That’s the recomendation from Holden at GiveWell, after a long look at microlending debate between Mark Pitt and critics David Roodman and Jonathan Morduch.
Holden gives excellent advice. An excerpt:
Never put too much weight on a single study. If nothing else, the issue of publication bias makes this an important guideline…
Strive to understand the details of a study before counting it as evidence. Many “headline claims” in studies rely on heavy doses of assumption and extrapolation…
If a study’s assumptions, extrapolations and calculations are too complex to be easily understood, this is a strike against the study. Complexity leaves more room for errors and judgment calls, and means it’s less likely that meaningful critiques have had the chance to emerge…
If a study does not disclose the full details of its data and calculations, this is another strike against it – and this phenomenon is more common than one might think…
Context is key. We often see charities or their supporters citing a single study as “proof” of a strong statement (about, for example, the effectiveness of a program).
I could not have said it better. The post is worth reading in full.
Publication and confirmation bias are horrifically rampant. And data are seldom available. I am struggling to obtain 4-year old data for a replication myself, at the moment.
Two changes I would consider:
1. Journals should require submission of replication data and code files with final paper submissions, for posting on the journal site. (The Journal of Conflict Resolution is one of the few major political science or economics journals I know that does so faithfully.)
2. PhD field and method courses ought to encourage replication projects as term assignments. (Along with encouragements to diplomacy–something new scholars are slow to learn, to their detriment.)
Other suggestions for the profession?
8 Responses
I really like suggestion 2. The only thing I would add is that such replications should be posted to a journal or database of replications so that outsiders have some sense of whether a given paper has has their analysis replicated or not.
One of the most useful papers I read in grad school was Gary King’s “Publication, Publication”:
http://gking.harvard.edu/files/abs/paperspub-abs.shtml
It is a how-to guide on writing a publishable paper, starting with replicating the findings of an existing article.
I have been trying myself to get access to data of a published paper (from a journal whose author instructions include: “Authors whose manuscripts are accepted for publication are required to make all information in datasets used in the article freely available to researchers, on request.”), with absolute silence from the author. I wish there were some incentive to get the author to reply… lack of response makes me even more skeptical of the findings.
Many program evaluations use administrative data that can’t be released for replication even when anonymized because the data-sharing agreements don’t authorize the researchers to release it.
“On the other hand, we’re economists and we need incentives.”
The problem exists in medical sciences as well, for the same reason—no reward for publishing replications.
I just finished the 2nd year of the Penn State Economics PHD program. This last semester we had to do a big empirical methods project. One option was to replicate an existing empirical study. A number of my classmates did this, and almost everyone got the same results as in the original studies.
The last thing a profession like economics, which exists to support existing power structures no matter what, wants to do is Actual Science.

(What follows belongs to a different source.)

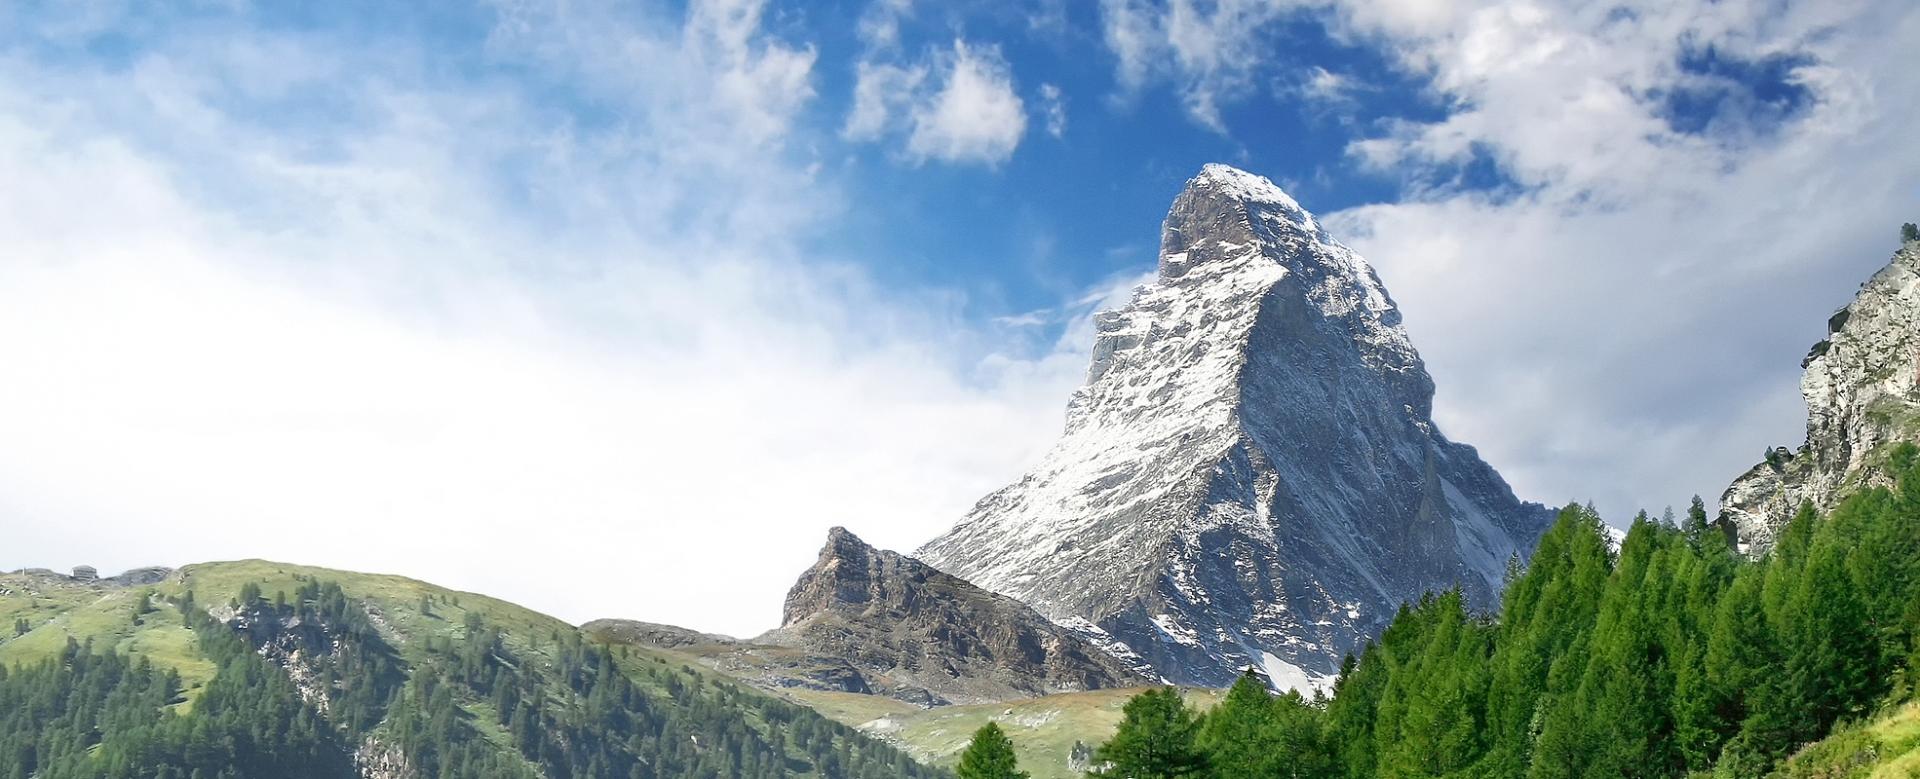 Voyage à pied : Sur les sentiers de chamonix à zermatt

Sunlight is the best desinfectant, so just getting economists to replicate others’ work would go a long way.
I believe it’s AER policy to ask for code and data, and some researchers, to their great credit, are making all their stuff available on their website (Nathan Nunn is one example).
On the other hand, we’re economists and we need incentives. I think right now only the Journal of Applied Econometrics is publishing ‘narrow’ replications; giving more outlets (and more credit) for replication would go a long way.
Also see this article by Hamermesh on replication in economics: https://webspace.utexas.edu/hamermes/www/CJE82007.pdf
Another suggestion I can think of is the addition of some kind of data dredging test, in order to avoid false positives on the data.